For the PD study, 6-week-old male SD rats were randomly divided into three groups (n = 6–8 in each group). All rats, including those in the control group, were anesthetized with isoflurane, and a 0.5 mg triiodothyronine (T3) pellet (Innovative Research of America, USA) was implanted subcutaneously. After 3 days, a single dose of Thyrogen (0.4 mg/kg) or SAFA-TSH (2.4 mg/kg) was injected subcutaneously. The dosage ratio of Thyrogen to SAFA-TSH was determined based on the results of the in vitro functional assays conducted in this study. The control group was injected with saline instead of drugs. Blood was obtained from the tail vein at several time points: before administration (0 h), 6 h post-administration and on days 1, 2, 3, 4, 5 and 7 thereafter. Blood samples were processed for serum to analyze thyroxine (T4) and free T4 levels, measured by Seoul Clinical Laboratories (SCL, South Korea) using an electrochemiluminescence assay (ECLIA, Roche Diagnostics, USA).
Statistical analysis
A IBM SPSS statistics version 25.0 (IBM, USA) was used for all statistical analyses. Data are presented as the means ± standard errors of the mean. Statistical significance was determined using the Mann–Whitney U test. Differences were considered statistically significant at a P-value of <0.05.
Results
SAFA-TSH characterization
The illustration of SAFA-TSH is depicted in Fig. 1A. Initially, SAFA-TSH v1, where the SAFA heavy-chain was linked to the TSH beta subunit and the light-chain to the TSH alpha subunit, exhibited poor expression of the heavy-chain and inadequate structure formation under non-reducing conditions. Consequently, SAFA-TSH v2 was developed, with the heavy-chain linked to the TSH alpha subunit and the light-chain to the TSH beta subunit, showing improved expression efficiency in CHO cells compared with v1 (Fig. 1B). Consequently, all subsequent experiments were carried out using SAFA-TSH v2. In addition, the binding affinity of SAFA-TSH to human serum albumin was found to be comparable to SL335 (SAFA body), as shown in Fig. 1C.

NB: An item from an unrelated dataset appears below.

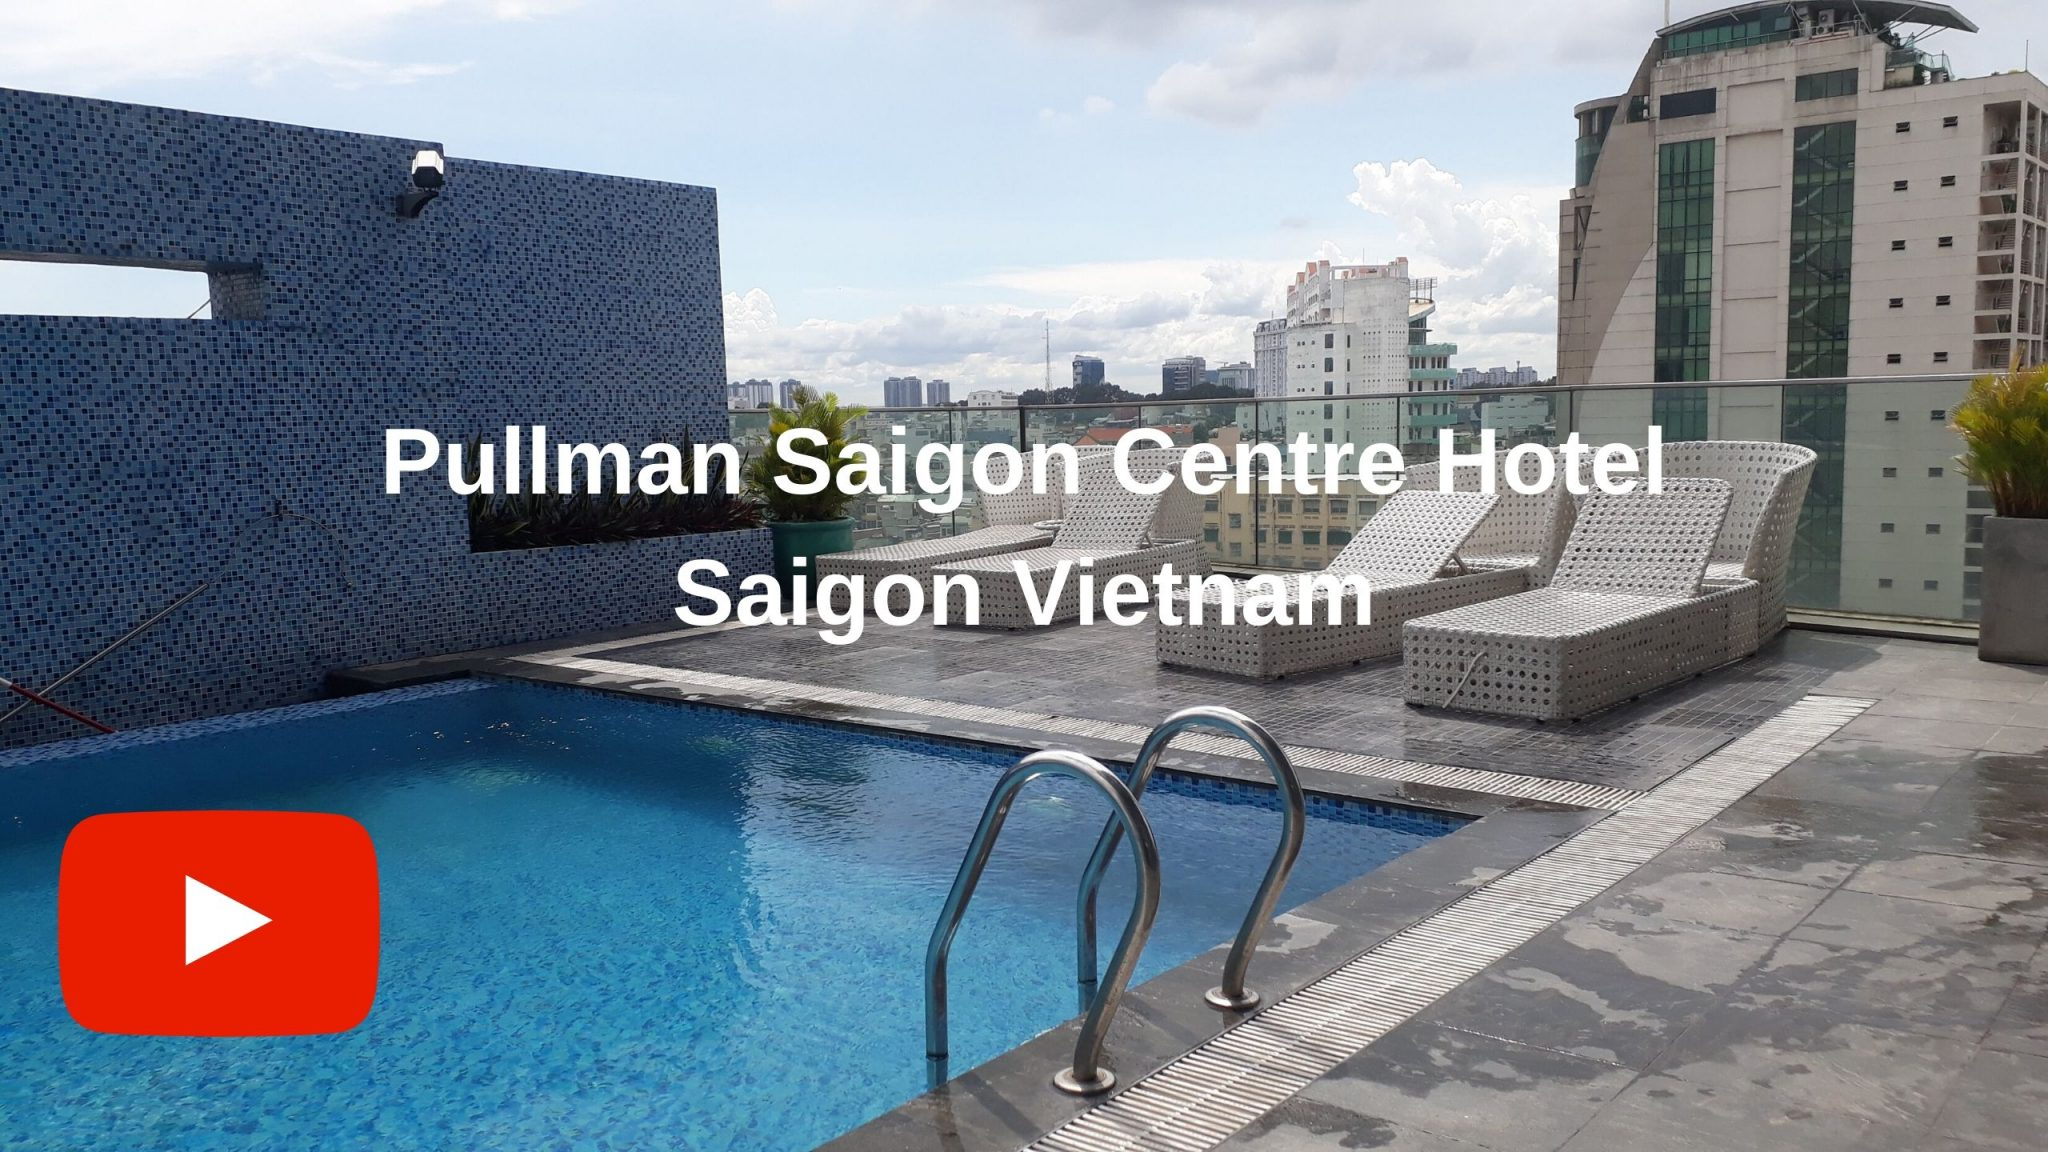 5 Days In Saigon Staying At The Pullman Saigon Centre Hotel

The characteristics of anti-serum albumin Fab-associated (SAFA)-TSH. (A) Illustration of SAFA-TSH, (B) western-blotting with anti-human IgG Fd horseradish peroxidase (HRP) (left) or anti-human kappa light-chain HRP (right) antibody under non-reducing (NR) or reducing (R) conditions. (1) SAFA-TSH v1 (old), (2) SAFA-TSH v1 (new), (3) SAFA-TSH v2, (C) Human serum albumin binding capacity of SAFA-TSH. A full color version of this figure available at https:// doi.org/10.1530/ERC-24-0284.
Citation: Endocrine-Related Cancer 32, 4; 10.1530/ERC-24-0284
In vitro functional assays
Nthy-ori 3-1 cells initially showed no increase in intracellular cAMP levels when exposed to varying doses of Thyrogen (Fig. 2A). Hence, subsequent experiments involving TSH treatment were deemed impractical. Consequently, Nthy-ori 3-1_TSHR cells were created by lentiviral overexpression of the TSHR gene. These cells, treated with Thyrogen at 2.5 μg/mL, demonstrated measurable cAMP production (Fig. 2B), with Nthy-ori 3-1_TSHR #5 identified as the most promising cell clone for further studies.
cAMP production for Thyrogen or anti-serum albumin Fab-associated (SAFA)-TSH in vitro. (A) cAMP production of Nthy-ori 3-1 cells treated with Thyrogen at indicated dose, (B) cAMP production in generated Nthy-ori 3-1 cell clones overexpressing TSH receptor (TSHR) treated with Thyrogen at 2.5 μg/mL, (C and D) cAMP production of Nthy-ori 3-1 cells treated with Thyrogen or SAFA-TSH at indicated doses. Line plots indicate the mean ± standard error of the mean (SEM).
Citation: Endocrine-Related Cancer 32, 4; 10.1530/ERC-24-0284
The ability of SAFA-TSH to activate the TSHR was evaluated in Nthy-ori 3-1_TSHR cells using different concentrations of Thyrogen and SAFA-TSH (Fig. 3C and D). While both compounds increased cAMP levels in a dose-dependent manner, SAFA-TSH exhibited lower potency compared with Thyrogen. Calculations indicated that SAFA-TSH required six times the weight-based dose of Thyrogen to achieve equivalent cAMP levels, attributed to differences in molecular weight and relative bioactivity.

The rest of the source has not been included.